Кончается ли «я», когда я нем,
не помню имени, зато ору: «гранаты, —
истошным благовестом в танкошлем, —
метаем из, солдаты», и адаты
священные танкистские блюду,
когда боец, сорвав чеку, ручную
роняет внутрь: о времени в меду
тягучем, при котором врассыпную
не выйдет, я, наверное, мечтал —
и вот настало, — говорю спокойно:
«спокойно, я — старинный коновал,
ваш командир, оглохнете, но войны
на то и дадены, чтоб гробить всё, а слух —
забота распоследняя мамлюка,
который падл вражеских, как мух,
меж рук и в рот, товарищи, а ну-ка —
мои куски при случае жене
отдайте.
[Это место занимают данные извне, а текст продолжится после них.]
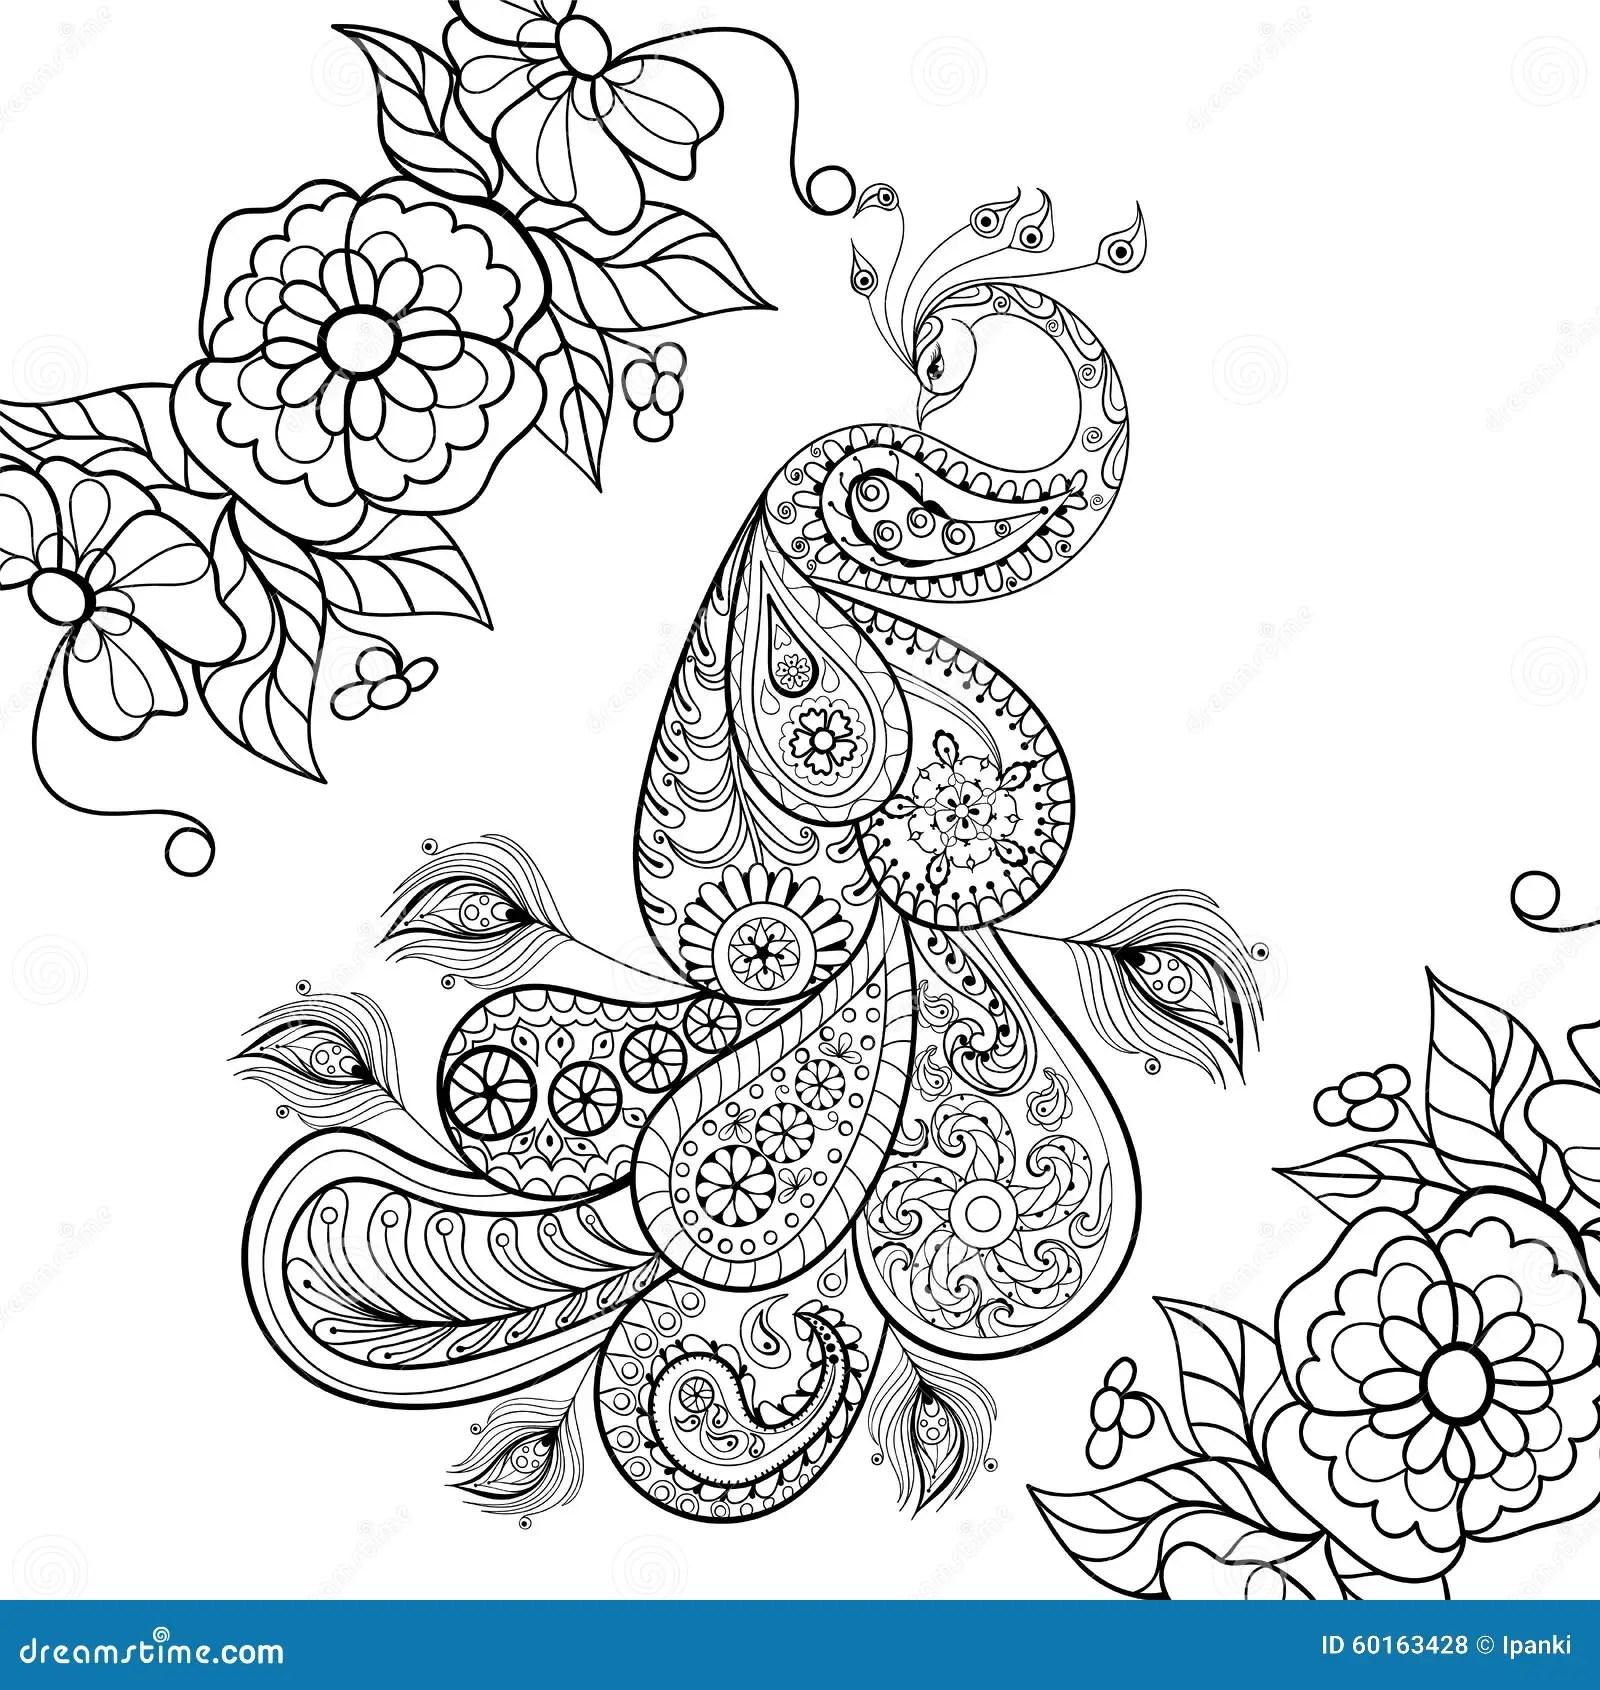 Zentangle Peacock Totem In Flowersfor Adult Anti Stress

Я, короче, лёг и умер». —
И на гранату падаю, и не
увижу, как подохнет шикльгрубер…
И всё это словами из говна,
какими разговаривают в танках.
И в страхе дочь, и дочь оглушена,
и дочь винится на лечебных флангах:
«Словарен был всегда — или молчал.
Он выговорился, и́х убивая…»
Когда «я» — я? Когда стал нем и мал,
хожу в подгузник, засыпаю с «баю»?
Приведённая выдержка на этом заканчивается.